» **Exercise**
The data is to be reproduced in full and without error.

» **Input material**
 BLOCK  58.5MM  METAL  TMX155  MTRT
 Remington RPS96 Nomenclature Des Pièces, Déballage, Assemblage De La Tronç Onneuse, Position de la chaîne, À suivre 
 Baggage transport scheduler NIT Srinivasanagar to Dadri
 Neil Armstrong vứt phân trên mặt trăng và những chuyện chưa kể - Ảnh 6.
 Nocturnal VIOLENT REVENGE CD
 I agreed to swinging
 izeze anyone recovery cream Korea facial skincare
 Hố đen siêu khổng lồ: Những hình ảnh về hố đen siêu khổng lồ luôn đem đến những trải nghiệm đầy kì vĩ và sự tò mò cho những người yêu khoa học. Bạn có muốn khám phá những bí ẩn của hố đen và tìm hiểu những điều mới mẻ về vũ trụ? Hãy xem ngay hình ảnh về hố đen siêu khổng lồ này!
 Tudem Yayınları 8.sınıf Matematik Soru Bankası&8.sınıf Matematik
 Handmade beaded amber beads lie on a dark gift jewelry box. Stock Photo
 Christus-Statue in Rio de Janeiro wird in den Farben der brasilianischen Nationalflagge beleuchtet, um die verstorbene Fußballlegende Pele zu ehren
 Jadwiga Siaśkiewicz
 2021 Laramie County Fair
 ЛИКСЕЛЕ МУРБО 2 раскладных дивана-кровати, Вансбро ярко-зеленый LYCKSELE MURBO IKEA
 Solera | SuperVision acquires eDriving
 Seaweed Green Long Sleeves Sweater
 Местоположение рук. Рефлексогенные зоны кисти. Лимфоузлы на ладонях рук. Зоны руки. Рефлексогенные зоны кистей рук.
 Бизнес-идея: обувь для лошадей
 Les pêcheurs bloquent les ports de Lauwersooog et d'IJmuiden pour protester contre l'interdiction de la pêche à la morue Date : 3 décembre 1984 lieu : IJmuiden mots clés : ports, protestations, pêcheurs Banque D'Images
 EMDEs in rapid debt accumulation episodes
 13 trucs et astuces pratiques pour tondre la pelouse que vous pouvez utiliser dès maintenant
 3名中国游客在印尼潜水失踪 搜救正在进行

» **Response box**
 BLOCK  58.5MM  METAL  TMX155  MTRT
 Remington RPS96 Nomenclature Des Pièces, Déballage, Assemblage De La Tronç Onneuse, Position de la chaîne, À suivre 
 Baggage transport scheduler NIT Srinivasanagar to Dadri
 Neil Armstrong vứt phân trên mặt trăng và những chuyện chưa kể - Ảnh 6.
 Nocturnal VIOLENT REVENGE CD
 I agreed to swinging
 izeze anyone recovery cream Korea facial skincare
 Hố đen siêu khổng lồ: Những hình ảnh về hố đen siêu khổng lồ luôn đem đến những trải nghiệm đầy kì vĩ và sự tò mò cho những người yêu khoa học. Bạn có muốn khám phá những bí ẩn của hố đen và tìm hiểu những điều mới mẻ về vũ trụ? Hãy xem ngay hình ảnh về hố đen siêu khổng lồ này!
 Tudem Yayınları 8.sınıf Matematik Soru Bankası&8.sınıf Matematik
 Handmade beaded amber beads lie on a dark gift jewelry box. Stock Photo
 Christus-Statue in Rio de Janeiro wird in den Farben der brasilianischen Nationalflagge beleuchtet, um die verstorbene Fußballlegende Pele zu ehren
 Jadwiga Siaśkiewicz
 2021 Laramie County Fair
 ЛИКСЕЛЕ МУРБО 2 раскладных дивана-кровати, Вансбро ярко-зеленый LYCKSELE MURBO IKEA
 Solera | SuperVision acquires eDriving
 Seaweed Green Long Sleeves Sweater
 Местоположение рук. Рефлексогенные зоны кисти. Лимфоузлы на ладонях рук. Зоны руки. Рефлексогенные зоны кистей рук.
 Бизнес-идея: обувь для лошадей
 Les pêcheurs bloquent les ports de Lauwersooog et d'IJmuiden pour protester contre l'interdiction de la pêche à la morue Date : 3 décembre 1984 lieu : IJmuiden mots clés : ports, protestations, pêcheurs Banque D'Images
 EMDEs in rapid debt accumulation episodes
 13 trucs et astuces pratiques pour tondre la pelouse que vous pouvez utiliser dès maintenant
 3名中国游客在印尼潜水失踪 搜救正在进行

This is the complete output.